BEGIN

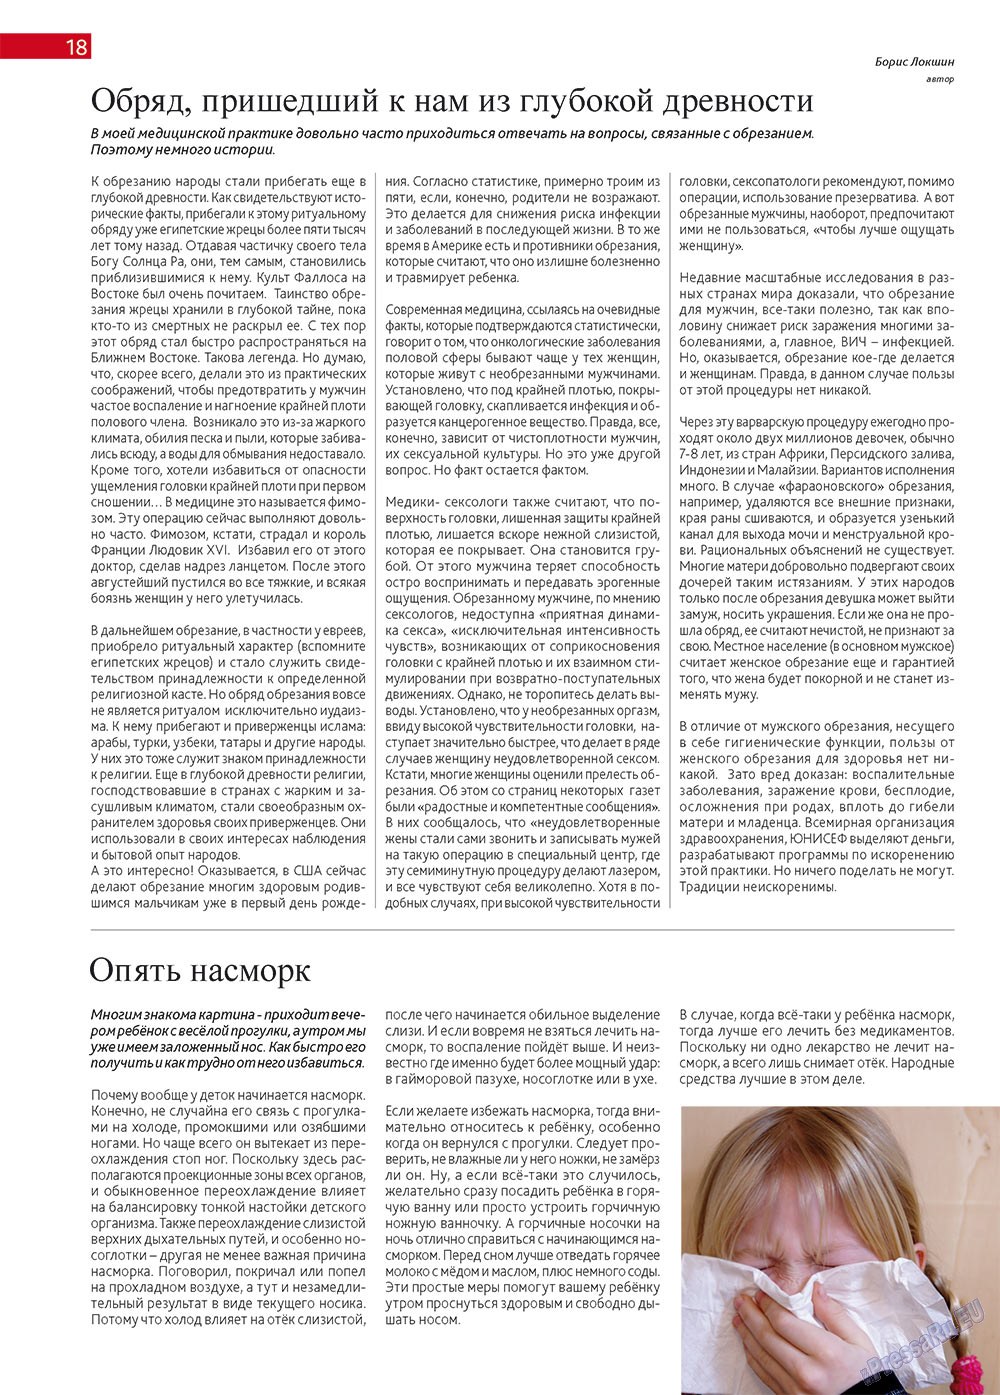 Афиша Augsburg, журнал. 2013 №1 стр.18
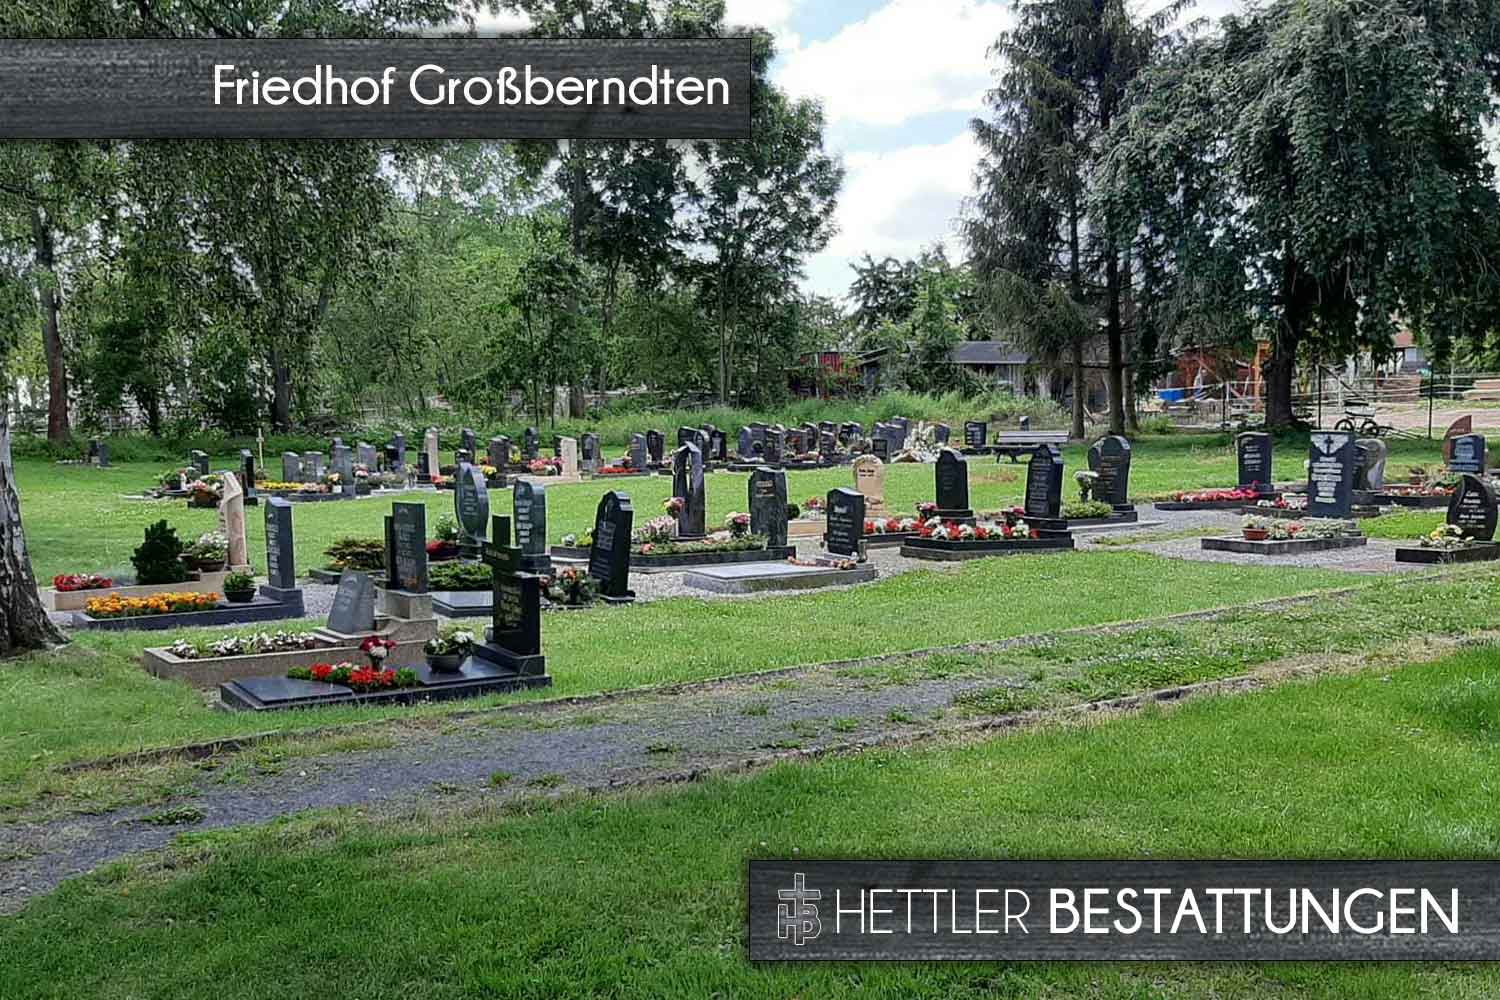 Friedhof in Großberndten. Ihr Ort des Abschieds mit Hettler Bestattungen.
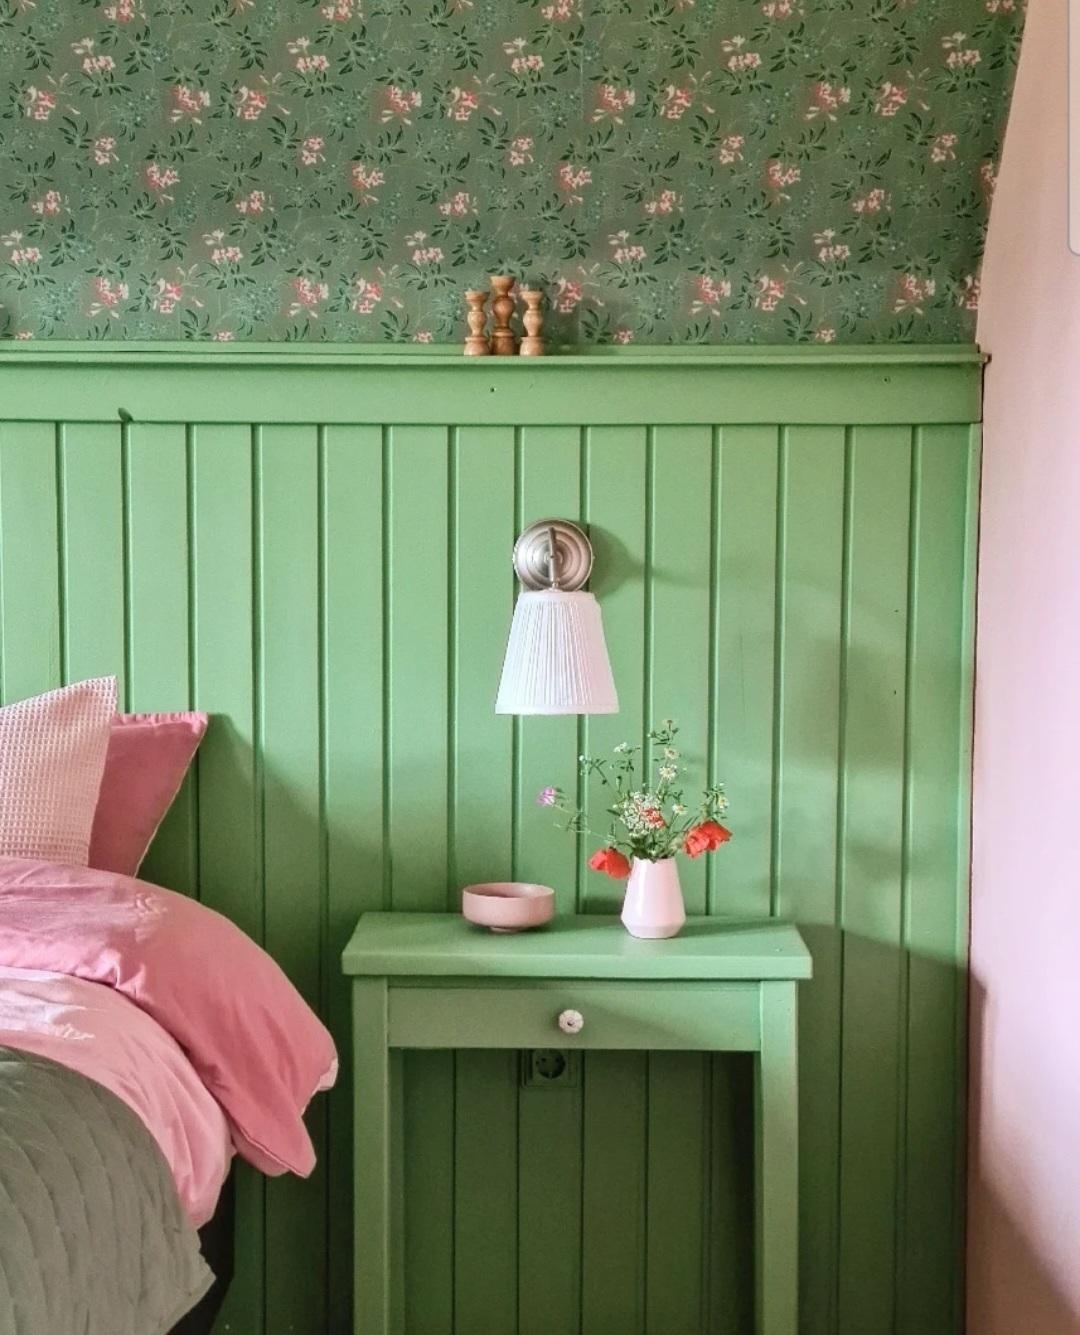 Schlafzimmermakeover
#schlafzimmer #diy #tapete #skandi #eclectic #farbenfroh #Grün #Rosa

END

◆ **ASSIGNED TASK**
Where the line holding "Friedhof in Großberndten." appears, start copying, and continue exactly through the last line of the listing, both ends included, skipping the pictures.

◆ **EXERCISE RESPONSE**
 Friedhof in Großberndten. Ihr Ort des Abschieds mit Hettler Bestattungen.
 Schlafzimmermakeover
#schlafzimmer #diy #tapete #skandi #eclectic #farbenfroh #Grün #Rosa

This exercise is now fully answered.